OPNsense Forum
English Forums => General Discussion => Topic started by: JL on August 20, 2018, 03:02:37 pm
-
Because of recurring performance issues with unbound i think it is wise to restart the service every n hours.
I could not find the way to configure this from the web interface or in the manual pages.
Please advise.
Thank you
-
Bump. Same problem. Thanks!
-
Bump, please. This is becoming a significant issue for us and requires manual restart of unbound at least daily.
-
Check this:
https://github.com/opnsense/core/issues/2894
the command to restart unbound is "/usr/local/sbin/pluginctl dns", just add it to /etc/crontab (the next firmware update will overwrite crontab, but if you're looking for a solution until unbound is updated that's probably it)
-
Confirmed, this is still an issue on:
OPNsense 18.7.10_3-amd64
FreeBSD 11.1-RELEASE-p18
OpenSSL 1.0.2q 20 Nov 2018
We are having to manually restart unbound on average at least once a day.
-
Working from this thread and the following posts: https://forum.opnsense.org/index.php?topic=2263.0 (https://forum.opnsense.org/index.php?topic=2263.0) and http://kb.unixservertech.com/other/networking/opnsense/cron-jobs (http://kb.unixservertech.com/other/networking/opnsense/cron-jobs) I was able to create the following and get everything to work from the command line, and schedule via the Cron GUI, but it is still failing to run via the Cron GUI ???
Here are the steps I followed, please help me understand where I failed.
Use vi to create file:
root@opnsense:~ # vi /usr/local/opnsense/service/conf/actions.d/actions_unbound_restart.conf
Information in file:
[restart]
command:/usr/local/sbin/pluginctl dns
parameters:
type:script
message:Restart Unbound DNS Service
description:Restart Unbound DNS Service
Restart configd service:
root@opnsense:~ # service configd restart
Stopping configd...done
Starting configd.
Verify new action file works as expected:
root@opnsense:~ # configctl unbound_restart restart
OK
Next I went to Services:Unbound DNS:Log File and the logs show Unbound restarted successfully.
Date Message
Jan 24 16:01:29 unbound: [67123:0] info: start of service (unbound 1.8.3).
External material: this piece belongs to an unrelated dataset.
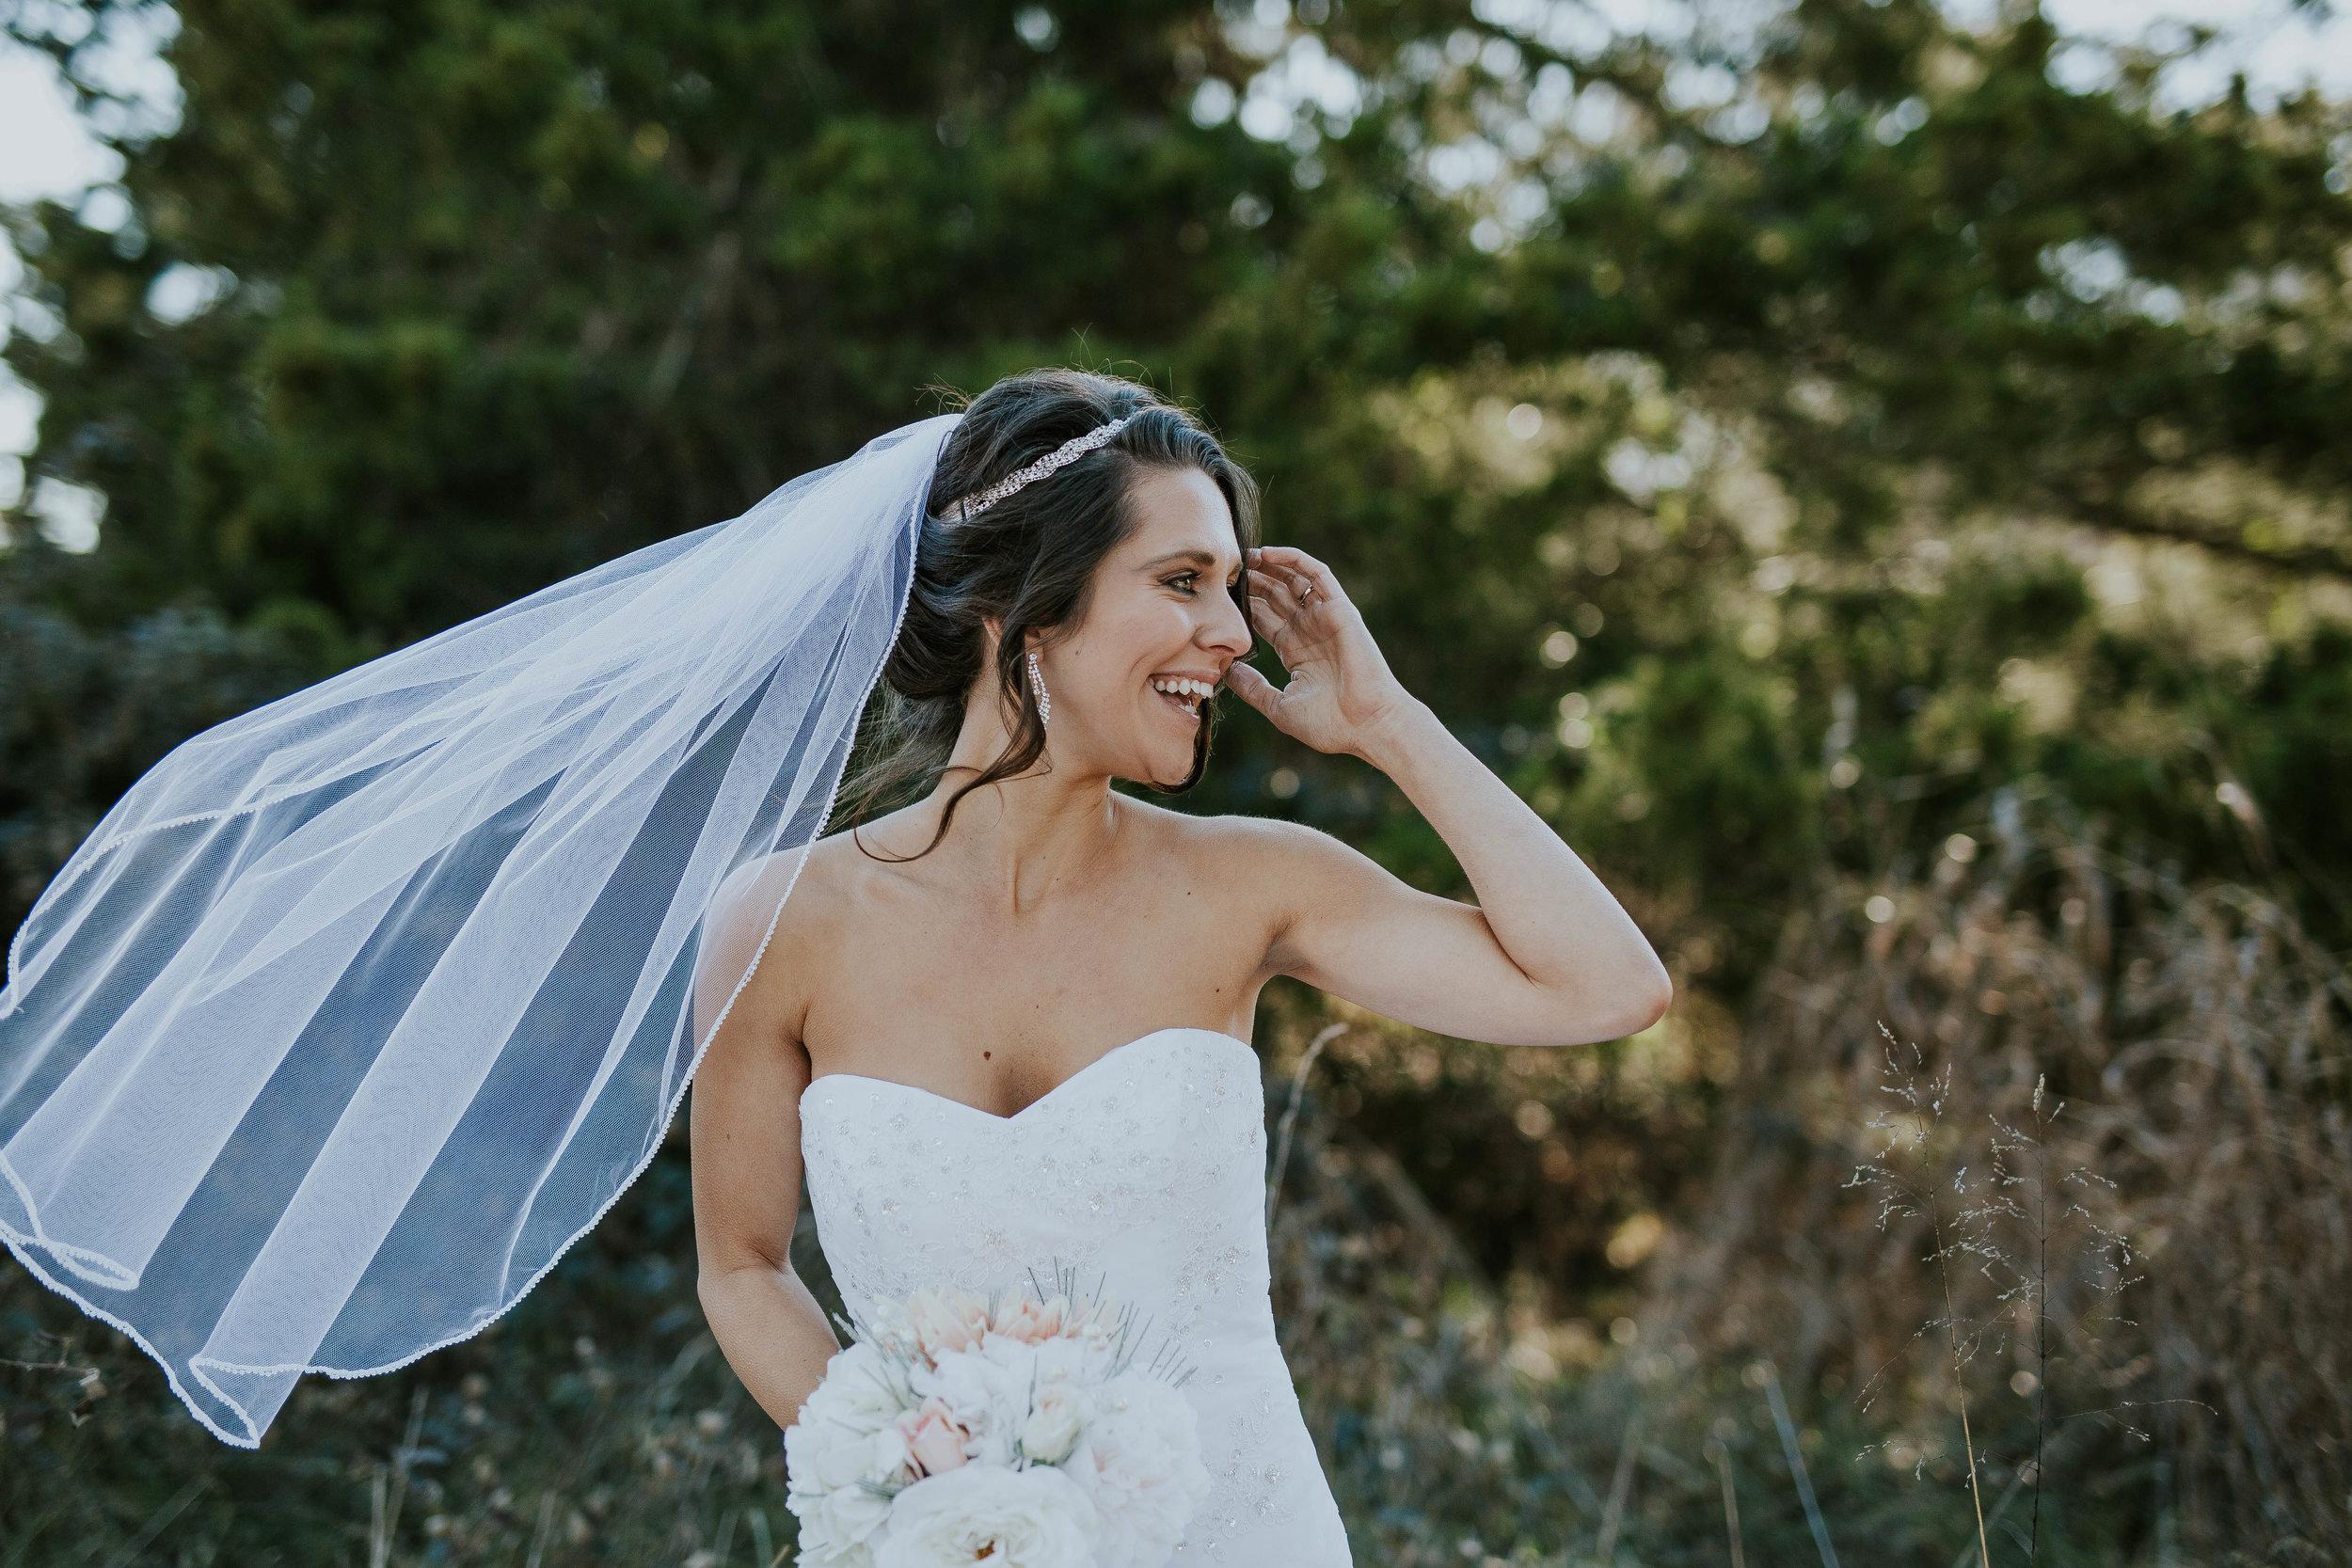 fdsfdsfdsfdsf - dfdsfdsfdsfThe Wedding TeamWedding Planner – We Tie The KnotsFlorist – Edge DesignLive Painter – IamNotMaggieGetting Ready – St. Regis AtlantaWedding Ceremony – Swan House

Then I did this to ensure it would show up in the OPNsense GIU:
root@opnsense:~ # /usr/local/etc/rc.restart_webgui
Starting web GUI...done.
Generating RRD graphs...done.
I then went to System:Settings:Cron and created a cron job (image attached):
But when the time comes for it to run and I then check Services:Unbound DNS:Log File I do not see that it has restarted.
Please help.
Thanks!
-
Screenshot
-
Are you guys with crashing Unbound using:
[ ] LibreSSL
[ ] DNS over HTTPS (manual options)
[ ] DNS over TLS (manual options)
Cheers,
Franco
-
My apologies, we have no idea why unbound keeps dying. If you can direct me where to look or which log files to post I will. Attached is a screenshot of our unbound config page. I do not think we are running LibreSSL as it is not selected in the firmware page, screenshot also attached.
OPNsense 18.7.10_3-amd64
FreeBSD 11.1-RELEASE-p18
OpenSSL 1.0.2q 20 Nov 2018
Many thanks!
-
It could be an unstable WAN causing this... unstable in general or IPv6 in particular. Make sure to disable IPv6 if you don't have connectivity from your ISP and watch out for the system log restarting the WAN interface.
In general, crashes for Unbound need to be reported with Unbound authors. We can deal with configuration errors, but not with segmentation faults without touching code we shouldn't touch.
Cheers,
Franco
-
Ok, we will investigate this, thank you!